::: Exercise data
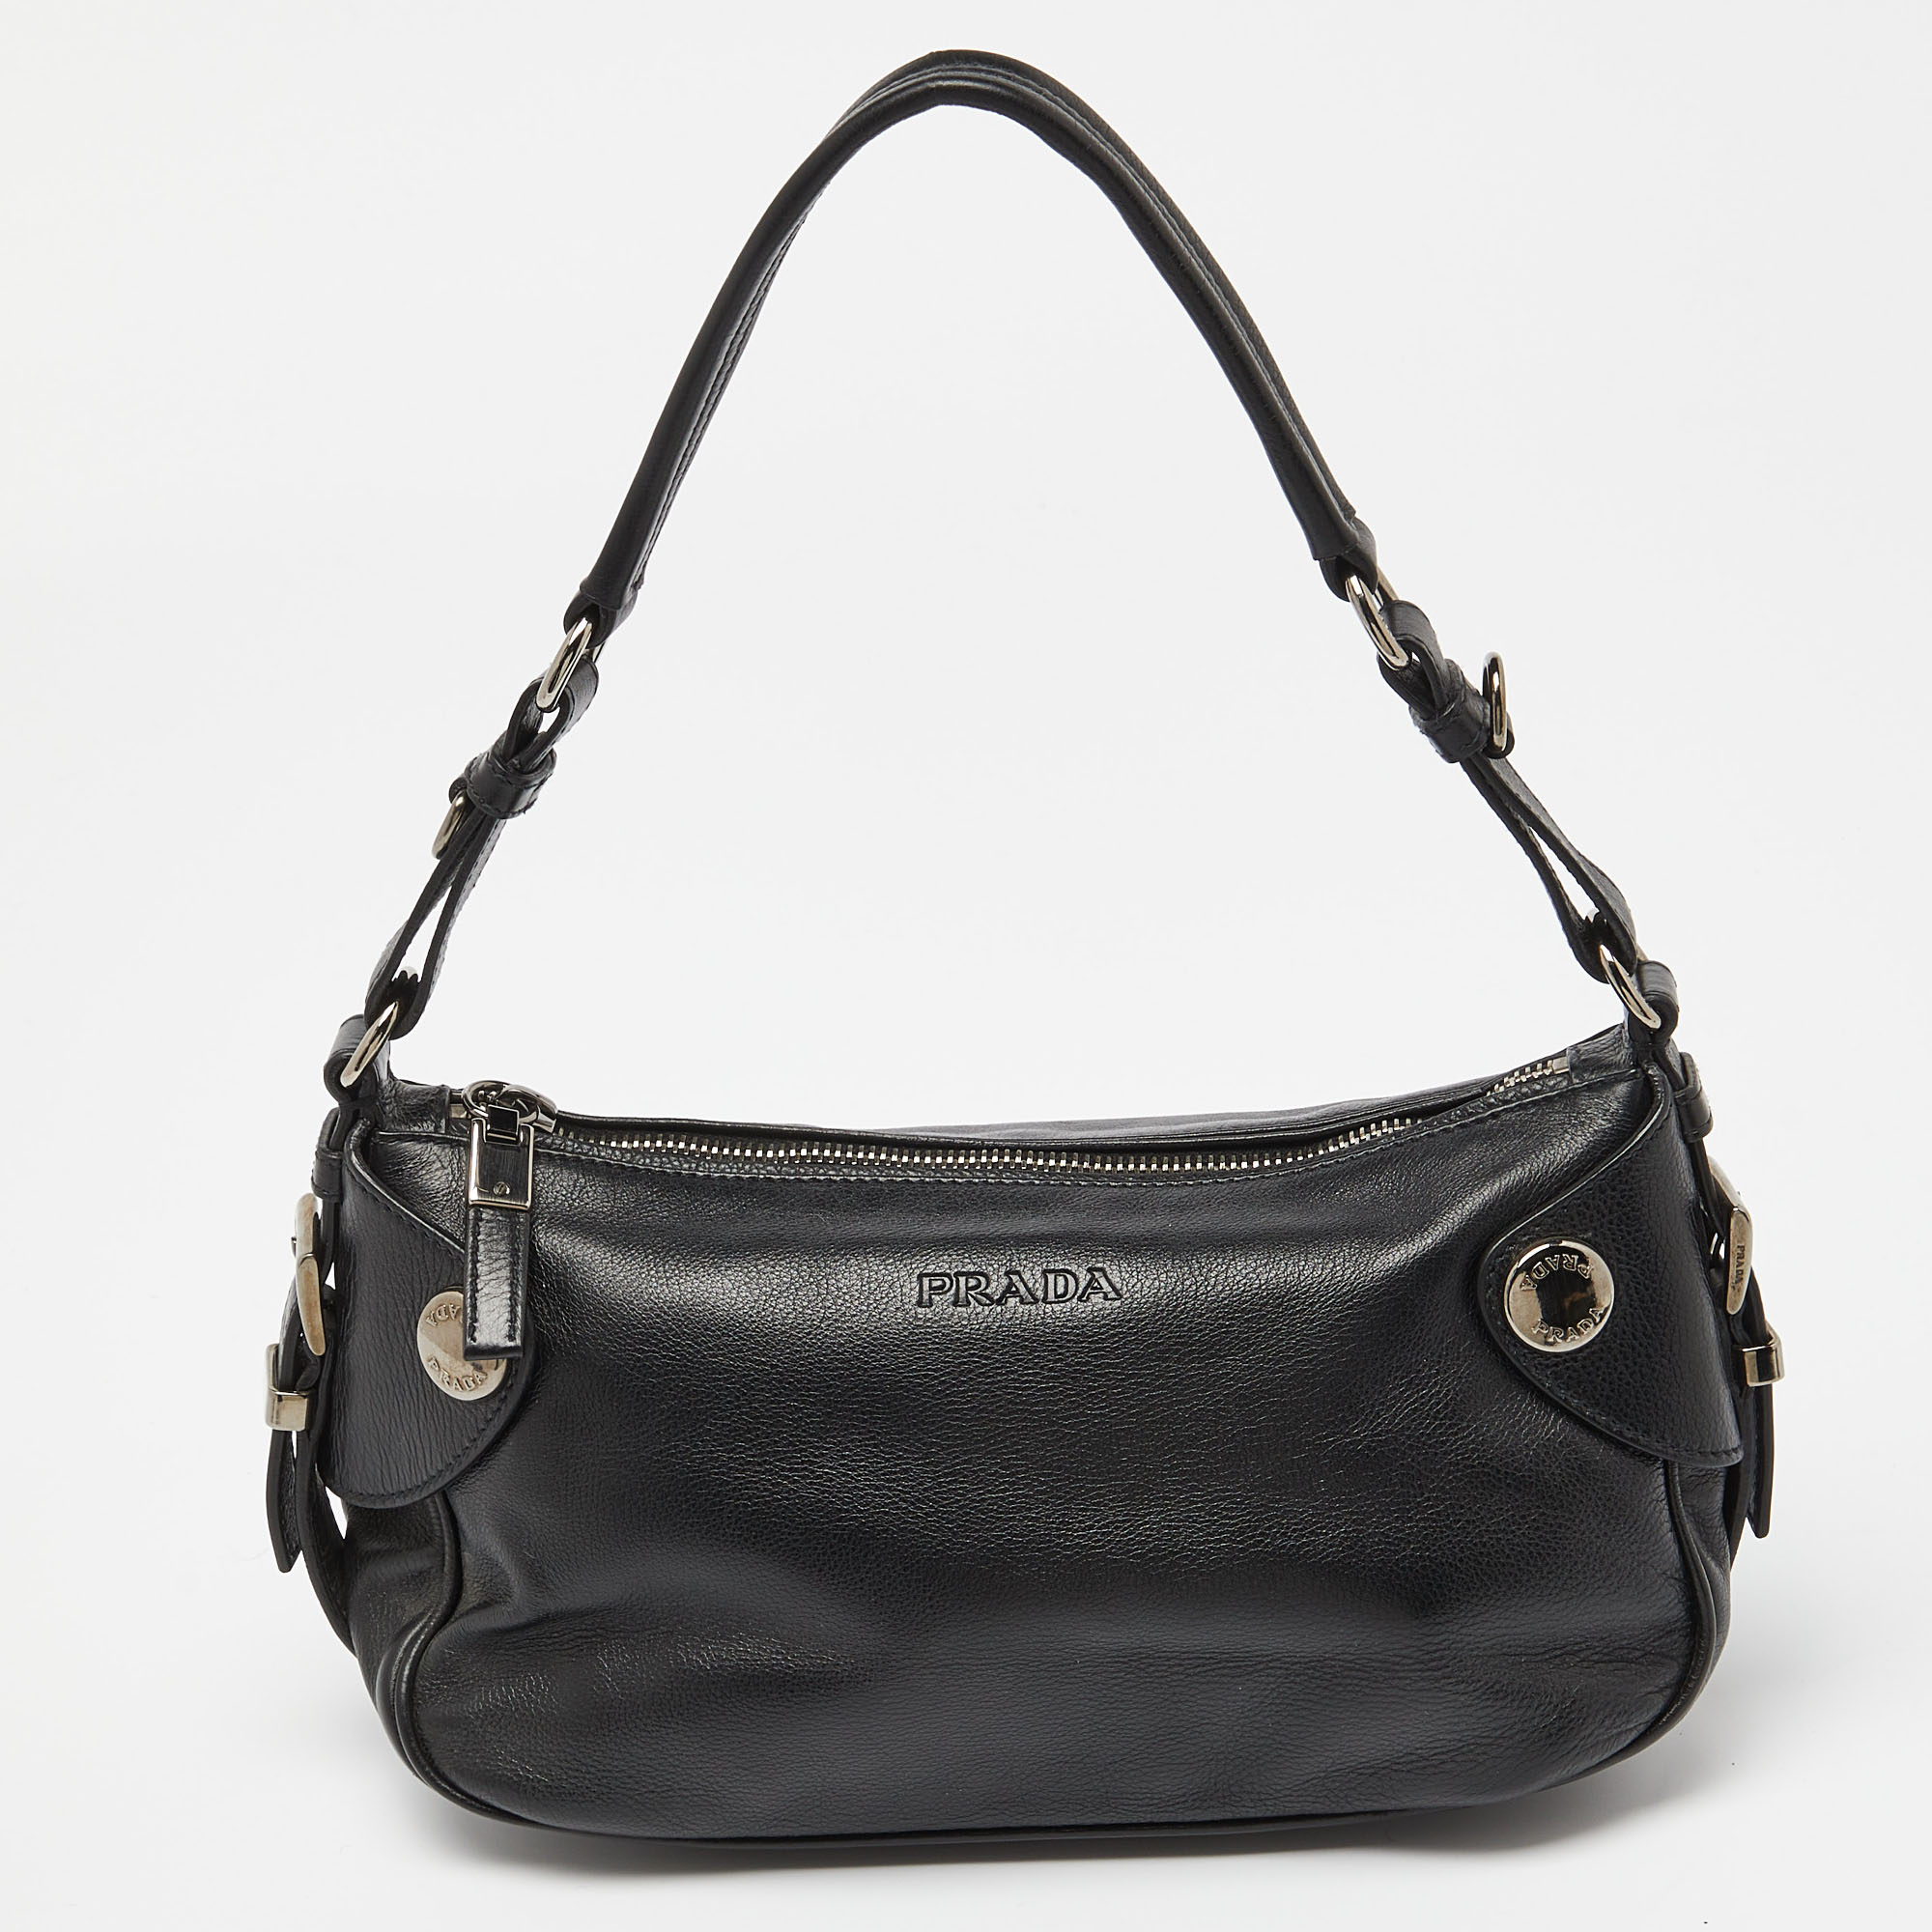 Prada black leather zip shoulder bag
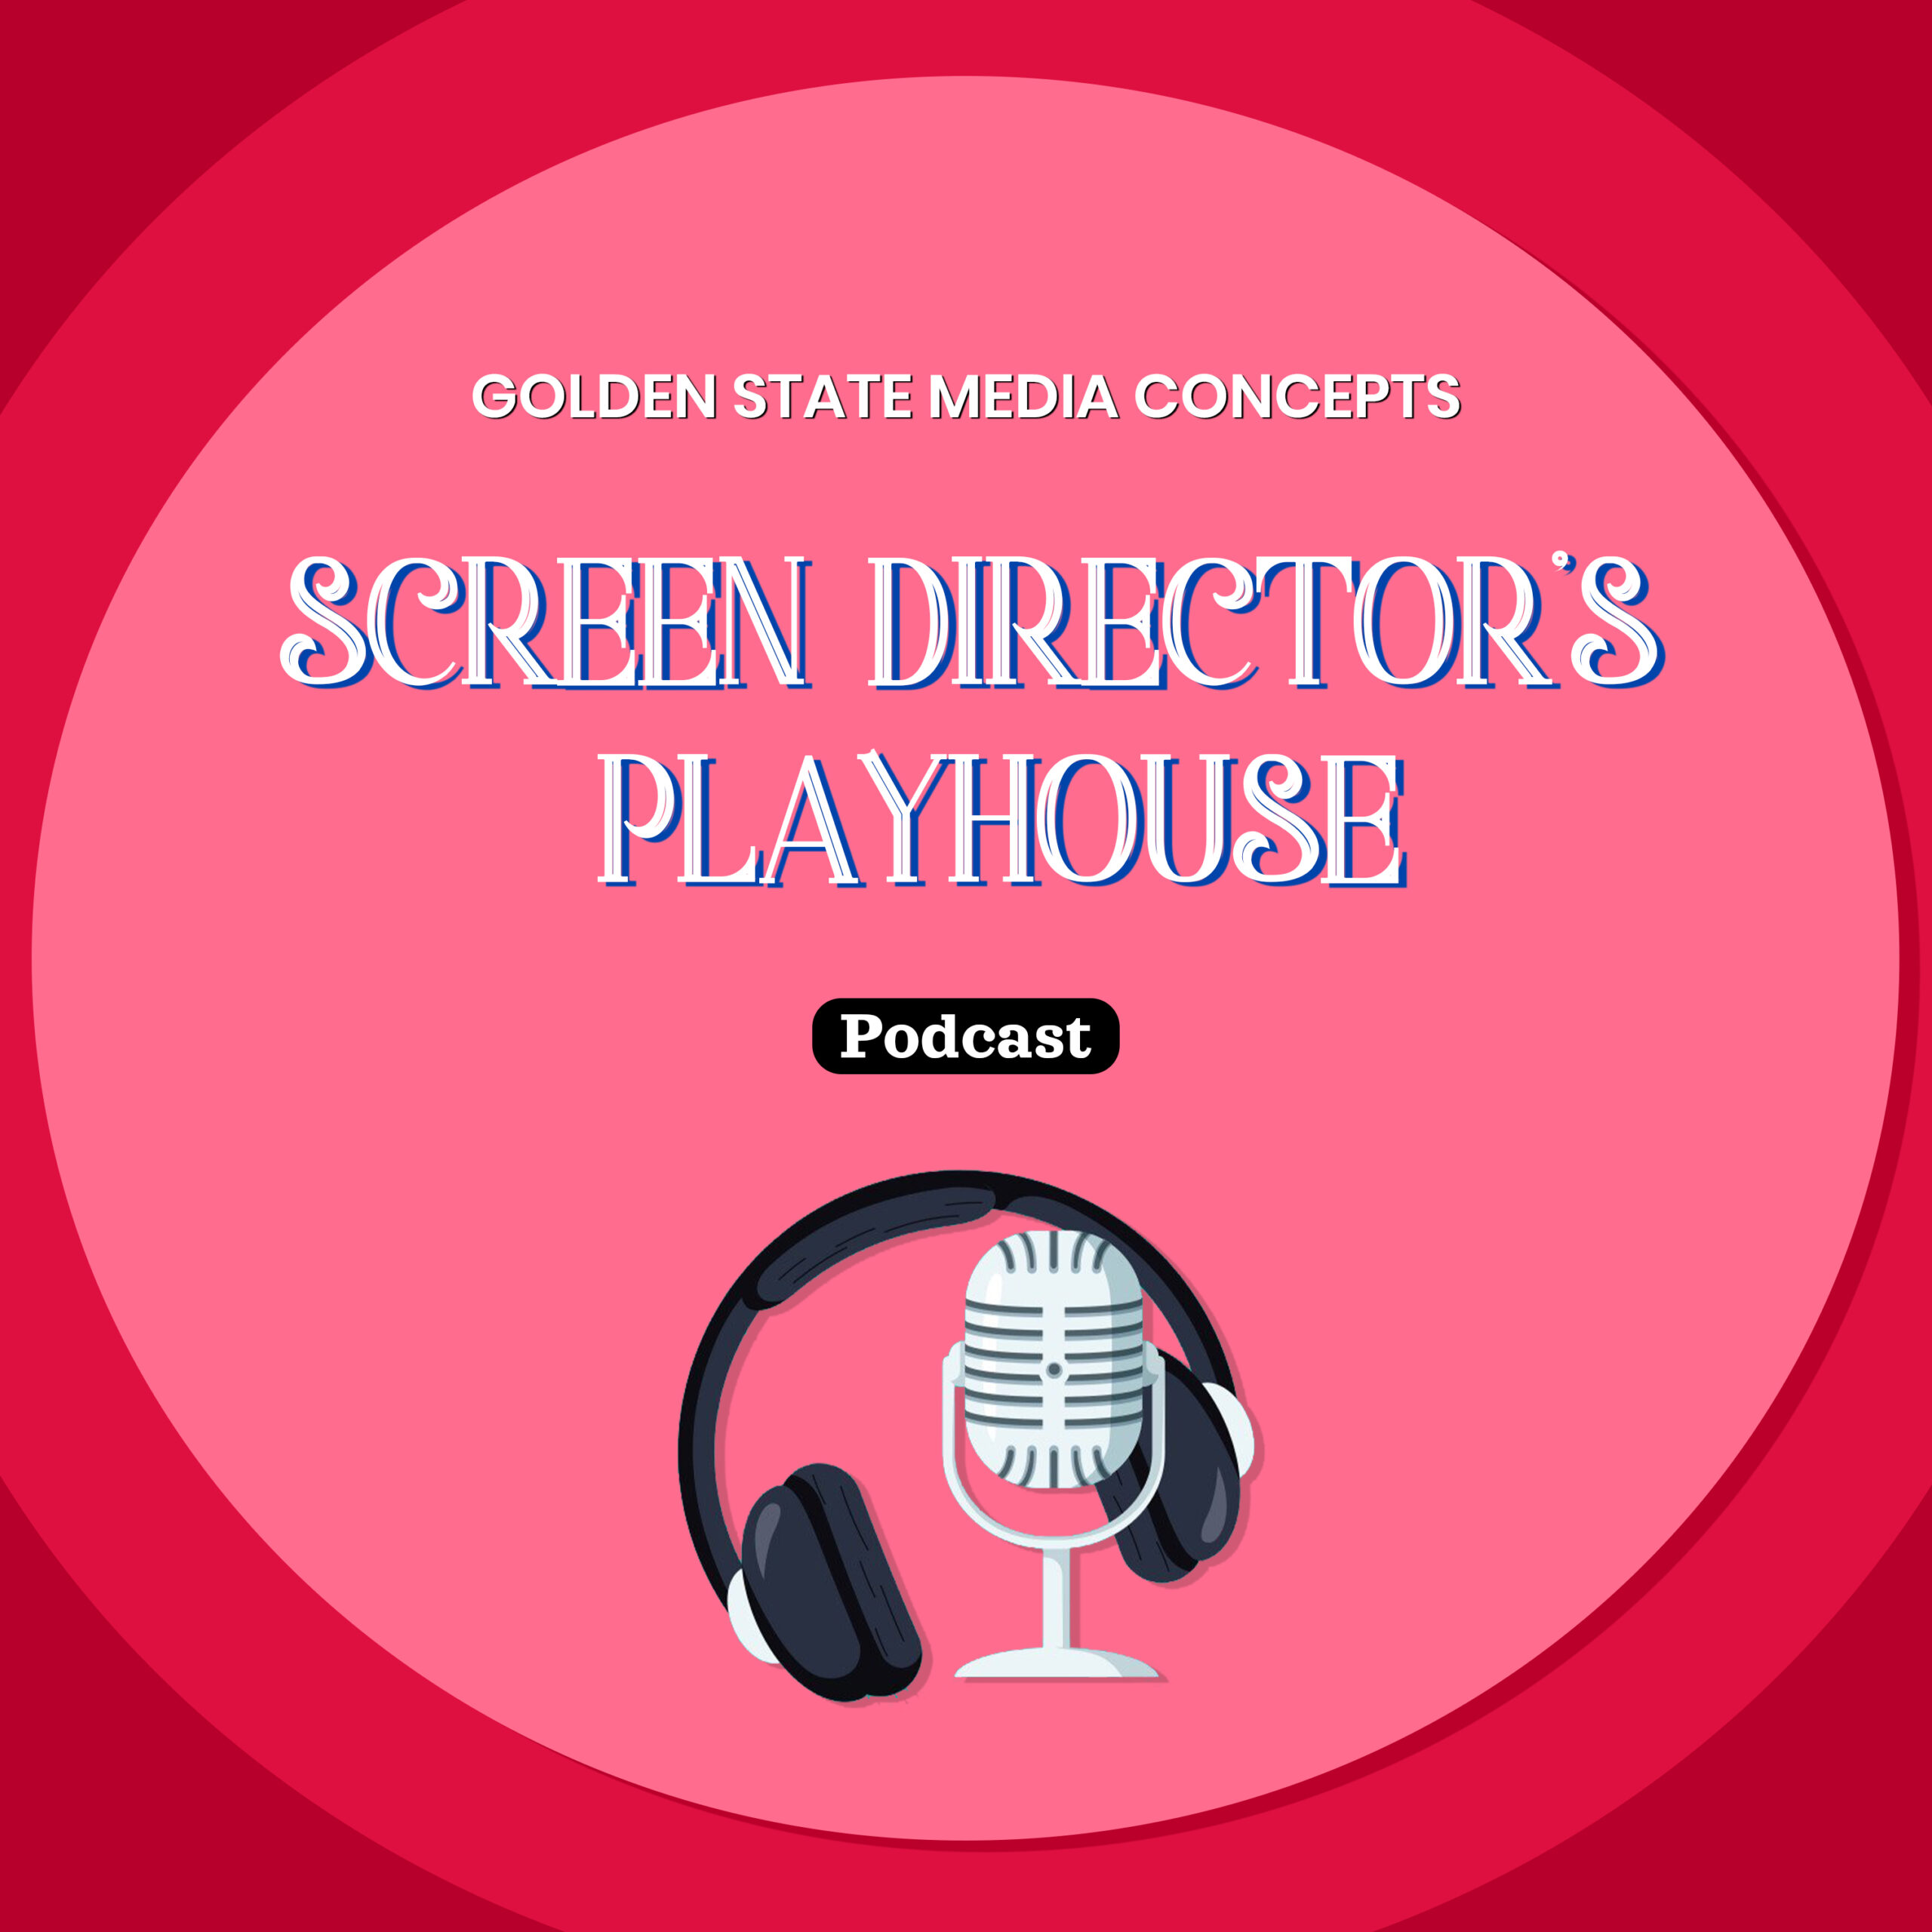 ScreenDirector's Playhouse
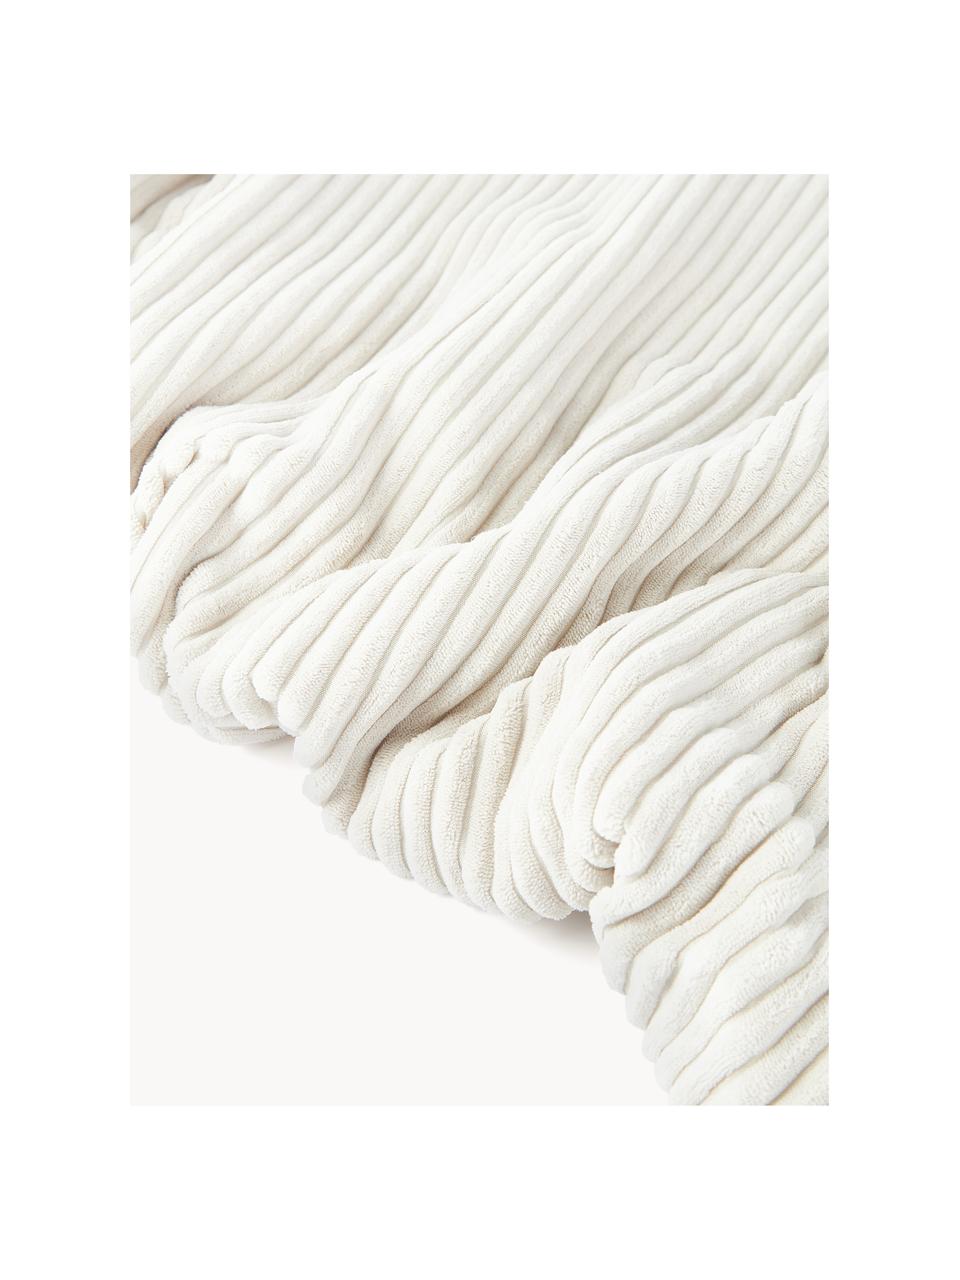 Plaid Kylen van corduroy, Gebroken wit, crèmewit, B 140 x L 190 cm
::::::
__What you have to do__. Set down word for word each line from the one containing "ScreenDirector's Playhouse" through the end of the material, and keep the pictures out of it.

__Reply to the exercise__.
 ScreenDirector's Playhouse
 Plaid Kylen van corduroy, Gebroken wit, crèmewit, B 140 x L 190 cm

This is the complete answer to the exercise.